# Case 621D JRB Coupler



## Rockvalley rob (Feb 25, 2010)

How hard is it to install a JRB 416 hydraulic coupler on this machine? Are they easy to install or should I have it installed? Do not know much about them except I want one instead of a bucket mount for my 14ft sectional pusher. How much do they cost? Cost to install?


----------



## DGODGR (Nov 30, 2008)

I have a JRB model 416 coupler for my 544J. I bought the machine used (about a year ago), and had the dealer include the coupler. I had them quote the installation. They quoted me $2,000 for the install. That did not include the cutting and welding required to modify the bucket. I think that will cost about $1,200 more. They charged me about $6,000 for the coupler and all the required hardware (new- including the third valve). I think, maybe, that they quoted it a little bit on the low side so don't be surprised if you find out that he coupler and hardware is a little bit more. I decided to do the install myself. I am quite confident that I can do all the work myself, and my local dealer has been very helpful with every question that I have had. Funny thing is that I have not had the time. The coupler and all the boxes full of hoses and hardware are all still sitting out in the shed. Each brand will have it's own costs associated with this conversion. Maybe on Friday or Monday you can reach out to your dealer and get a quote for your machine. Case dealers will probably want to push the ACS system over the JRB (I'm not sure why, but that's what you find on most Cases). When I was shopping for loaders I got a quote from Cat as well (I prefer Cat equipment).
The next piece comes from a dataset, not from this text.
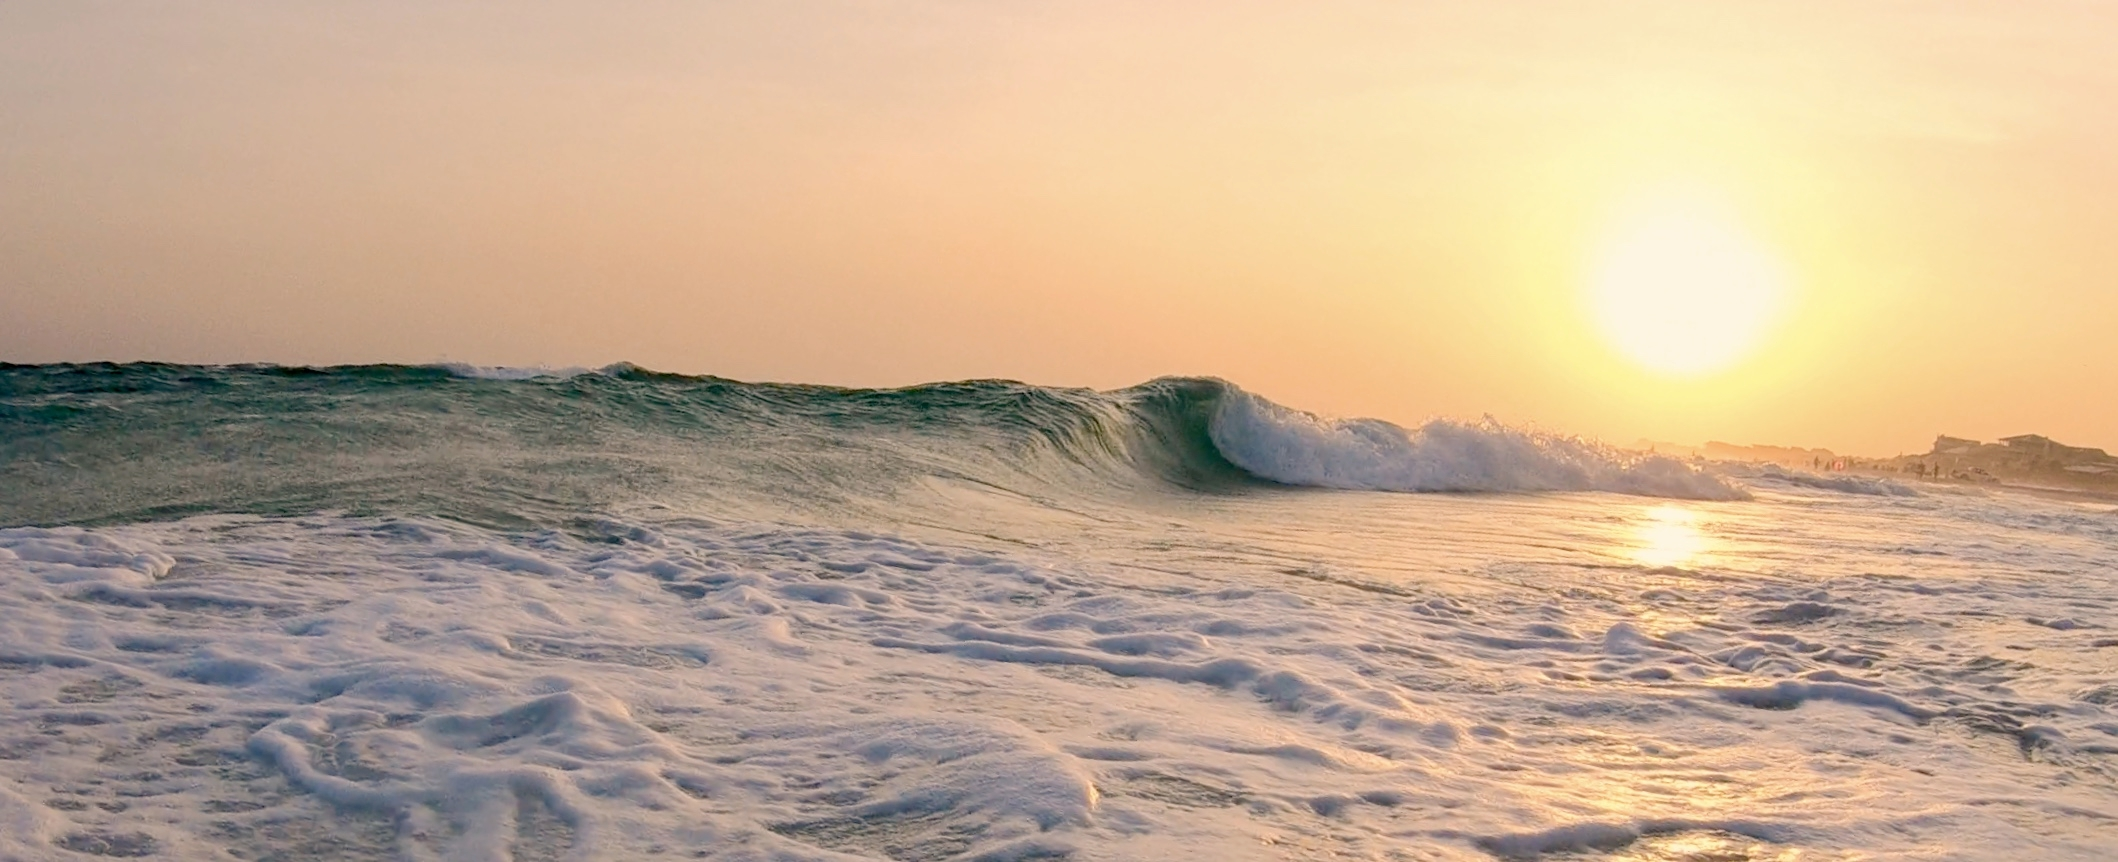 Grayton Beach, Florida - Top 5 Reasons
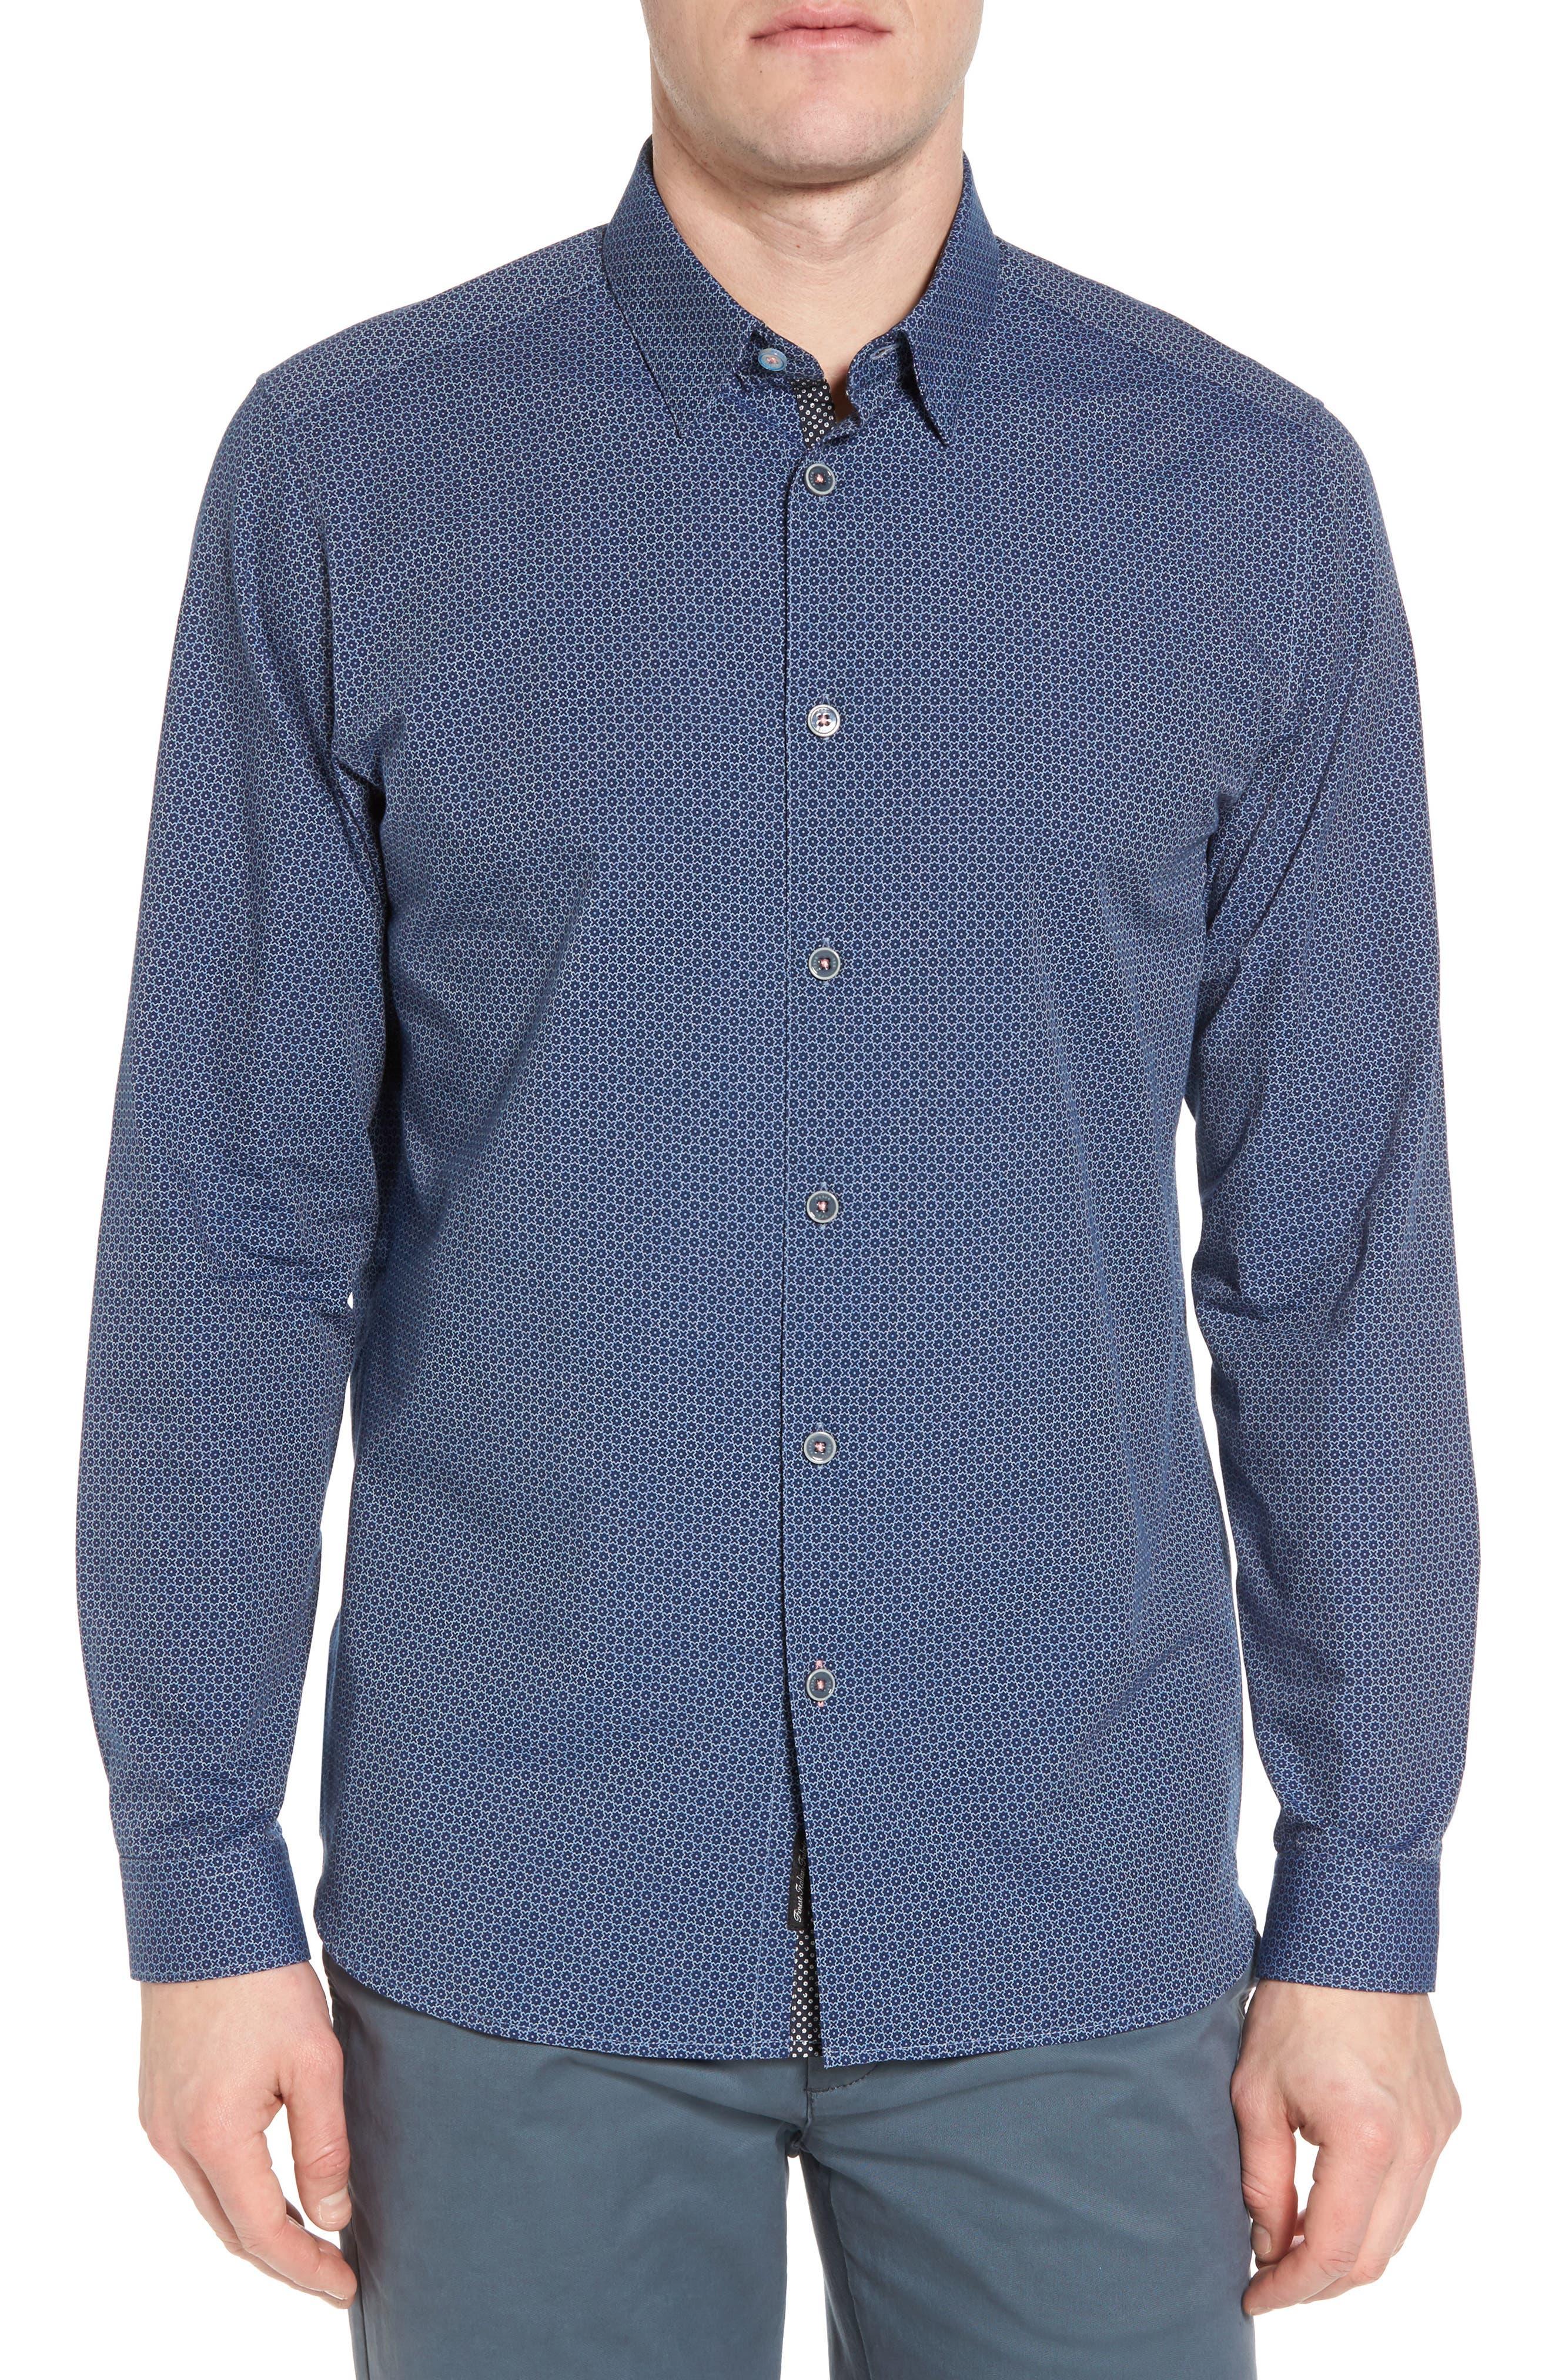 Holic Trim Fit Geometric Sport Shirt,                             Main thumbnail 1, color,                             Blue

To mount a new Cat coupler (Cat has come out with a wedge style coupler that will always remain tight, even as it wears), on a 928 or 930, was going to cost about $20K, including the third valve. 
If you are somewhat mechanically inclined you can do most of the work yourself. You will need to dis-assemble part of the cab to install the controls and pilot control hoses. You will need to, at least partially, dis-assemble the valve stack (usually mounted in the front loader frame above the front axle) to install the third valve. The hydraulic cylinder will need to be mounted to the coupler. With the exception of the welding everything else is connecting hoses and the mounting brackets for them. The bucket mounting is a different story. The existing mounting ears need to be cut off. Then the blanks must be profiled (or scribed and cut) to match the back of the buckets shape. These are 1" thick slabs of steel (at least they are for my machine), and weigh about 200# each. The location, clocking, and orientation are all critical. As is how much you cut off of the blanks when profiling. Obviously they have to be welded correctly since there will be a lot of force and weight transferred through this area. Access to another machine for lifting and positioning the bucket during fabrication would be helpful too.
Bucket and chain mounting doesn't sound so bad anymore, does it?
Good luck.


----------



## Rockvalley rob (Feb 25, 2010)

Thanks for the great info. It makes me wish I bought a machine with it already on. Does JRB sell the bucket bracket conversion for your old bucket? or is it included with the coupler kit? Instructions included or are you on your own? Would definitely have to have it welded by a professional.


----------



## DGODGR (Nov 30, 2008)

I should clarify...My coupler is a Deere Worksite Pro. It is the same as a JRB Model 416. I think it may even still be made by JRB. The two have had a very cozy relationship for some time. They are even located across the street from one another. I bought my coupler from Deere, not JRB. Mine came with lots of instruction manuals (pretty good ones too). The Items you are calling "bucket brackets" are actually called blanks. In my case the blanks did not come with the coupler. There were several kits that had to be ordered to make up the entire package required to complete the installation (each comes with it's own installation instructions). The blanks were one of the kits. That is part of the reason I think that they did not charge enough for the coupler. After I began reading the instructions I discovered that they did not include all of the kits. They had missed one and had to order it after they thought they had everything. They tried to bill me for the kit (about a grand) but I reminded them that I had paid for a complete kit. Back to the point: I don't know if JRB includes everything or if you have to buy some items from the machine manufacturer. I'd say to give them a call. I'm not sure if they sell direct to the end user or if you will have to go through one of their dealers.


----------